This is just a keras callback that runs the function on_epoch_end whenever the model finishes an epoch. In this case this is used to save three images to see the model progress during training.

In [0]:
class GANMonitor(keras.callbacks.Callback):
  def __init__(self, num_img=3, latent_dim=128):
    self.num_img = num_img
    self.latent_dim = latent_dim

  def on_epoch_end(self, epoch, logs=None):
    random_latent_vectors = tf.random.normal(shape=(self.num_img, self.latent_dim))
    generated_images = self.model.generator(random_latent_vectors)
    generated_images *= 255
    generated_images.numpy()
    for i in range(self.num_img):
      img = keras.preprocessing.image.array_to_img(generated_images[i])
      img.save("./generated_training_images/generated_img_{i}_{epoch}.png".format(i=i, epoch=epoch))
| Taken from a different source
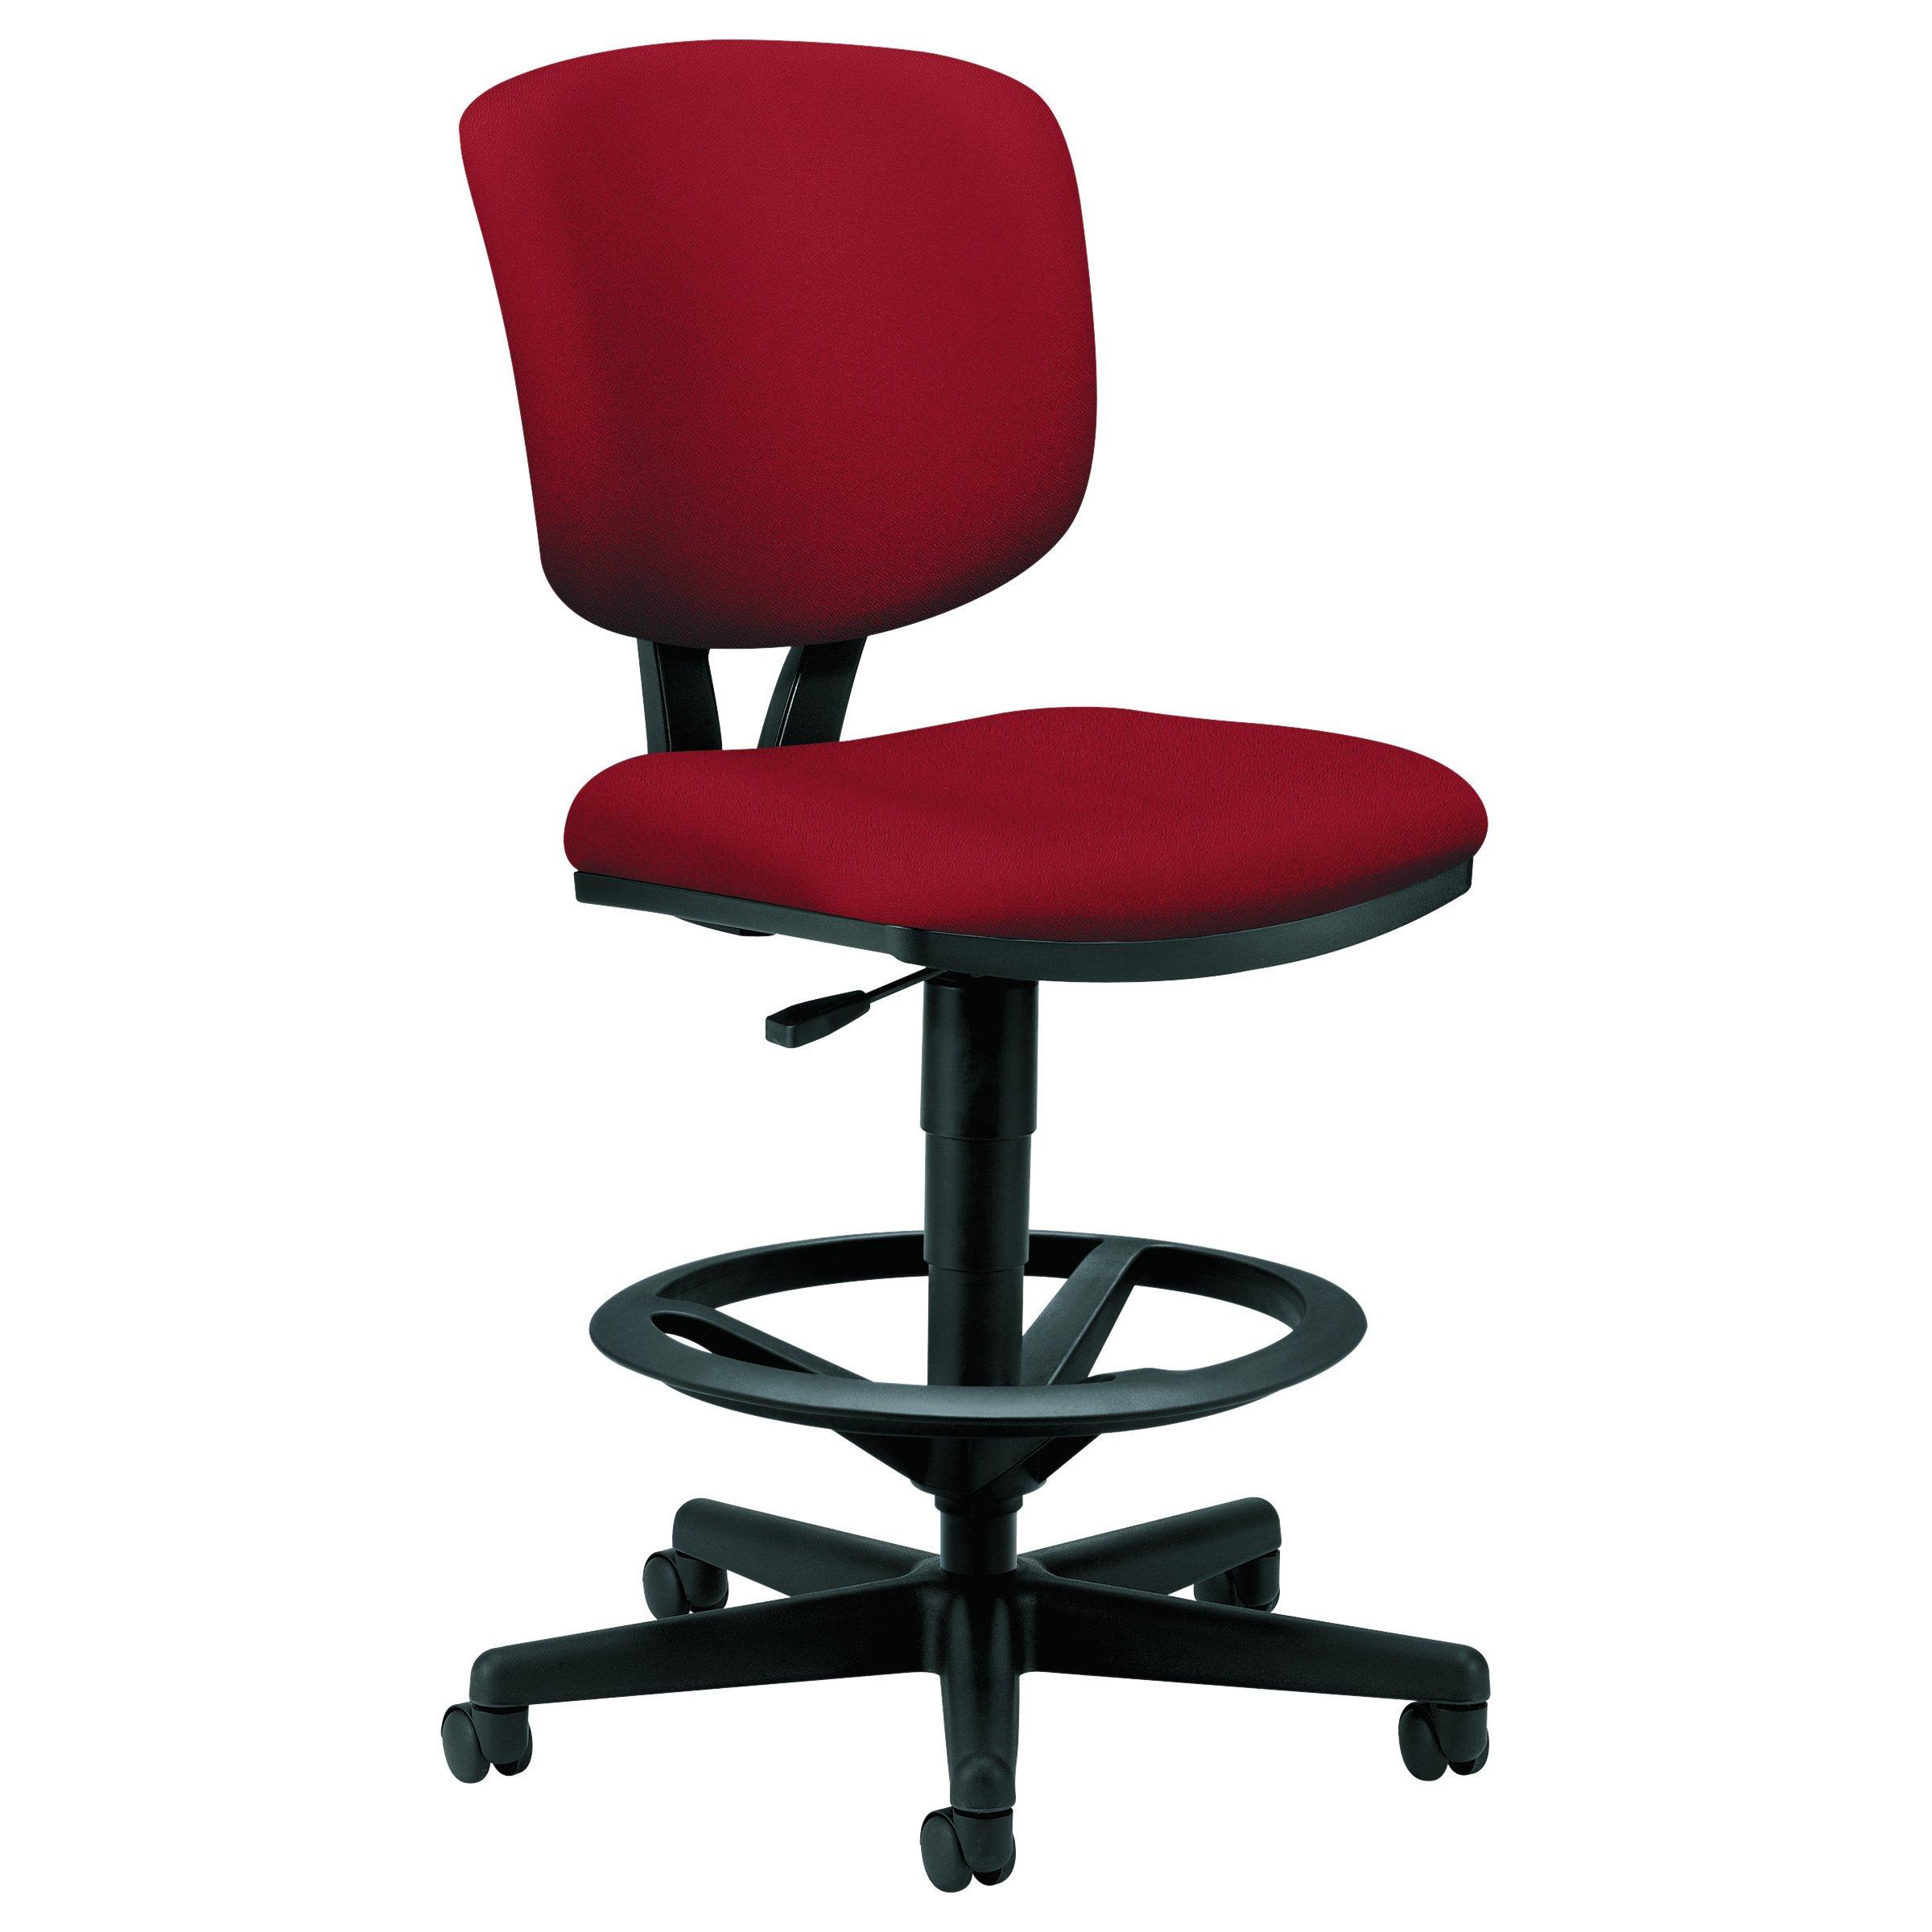 HON Volt Task Stool - Upholstered Adjustable Office Stool, Crimson (H5705) by HON

This is the model instantiation, compilation and training.
30 epochs produces fine results, altough 100 were used for generating the images of the report.

In [0]:
epochs = 30

gan = GAN(discriminator=discriminator, generator=generator, latent_dim=latent_dim)
gan.compile(
    d_optimizer=keras.optimizers.Adam(learning_rate=0.0003),
    g_optimizer=keras.optimizers.Adam(learning_rate=0.0003),
    # The vector of predictions will be binary
    loss_fn=keras.losses.BinaryCrossentropy(from_logits=True),
)
gan.fit(
    dataset, epochs=epochs, callbacks=[GANMonitor(num_img=3, latent_dim=latent_dim)]
)

Epoch 1/30
Epoch 2/30
Epoch 3/30
Epoch 4/30
Epoch 5/30
Epoch 6/30
Epoch 7/30
Epoch 8/30
 199/1094 [====>.........................] - ETA: 15s - d_loss: 0.1754 - g_loss: 2.7475

KeyboardInterrupt: ignored

You might want to save the model results or configuration in drive.

In [0]:
from google.colab import drive
drive.mount('/content/drive')

Go to this URL in a browser: https://accounts.google.com/o/oauth2/auth?client_id=947318989803-6bn6qk8qdgf4n4g3pfee6491hc0brc4i.apps.googleusercontent.com&redirect_uri=urn%3aietf%3awg%3aoauth%3a2.0%3aoob&response_type=code&scope=email%20https%3a%2f%2fwww.googleapis.com%2fauth%2fdocs.test%20https%3a%2f%2fwww.googleapis.com%2fauth%2fdrive%20https%3a%2f%2fwww.googleapis.com%2fauth%2fdrive.photos.readonly%20https%3a%2f%2fwww.googleapis.com%2fauth%2fpeopleapi.readonly

Enter your authorization code:
··········
Mounted at /content/drive


**For this to work there has to be a folder named generated_final_images**

This is for saving the model and generating result images

In [0]:
generator.save('gen2')
generator2 = keras.models.load_model('gen2')
num_images = 10
random_latent_vectors = tf.random.normal(shape=(num_images, 128))
generated_images = generator2(random_latent_vectors)
for i in range(0, num_images):
  img = keras.preprocessing.image.array_to_img(generated_images[i])
  img.save("./generated_final_images/generated_img_{i}.png".format(i=i))

Instructions for updating:
If using Keras pass *_constraint arguments to layers.
INFO:tensorflow:Assets written to: gen2/assets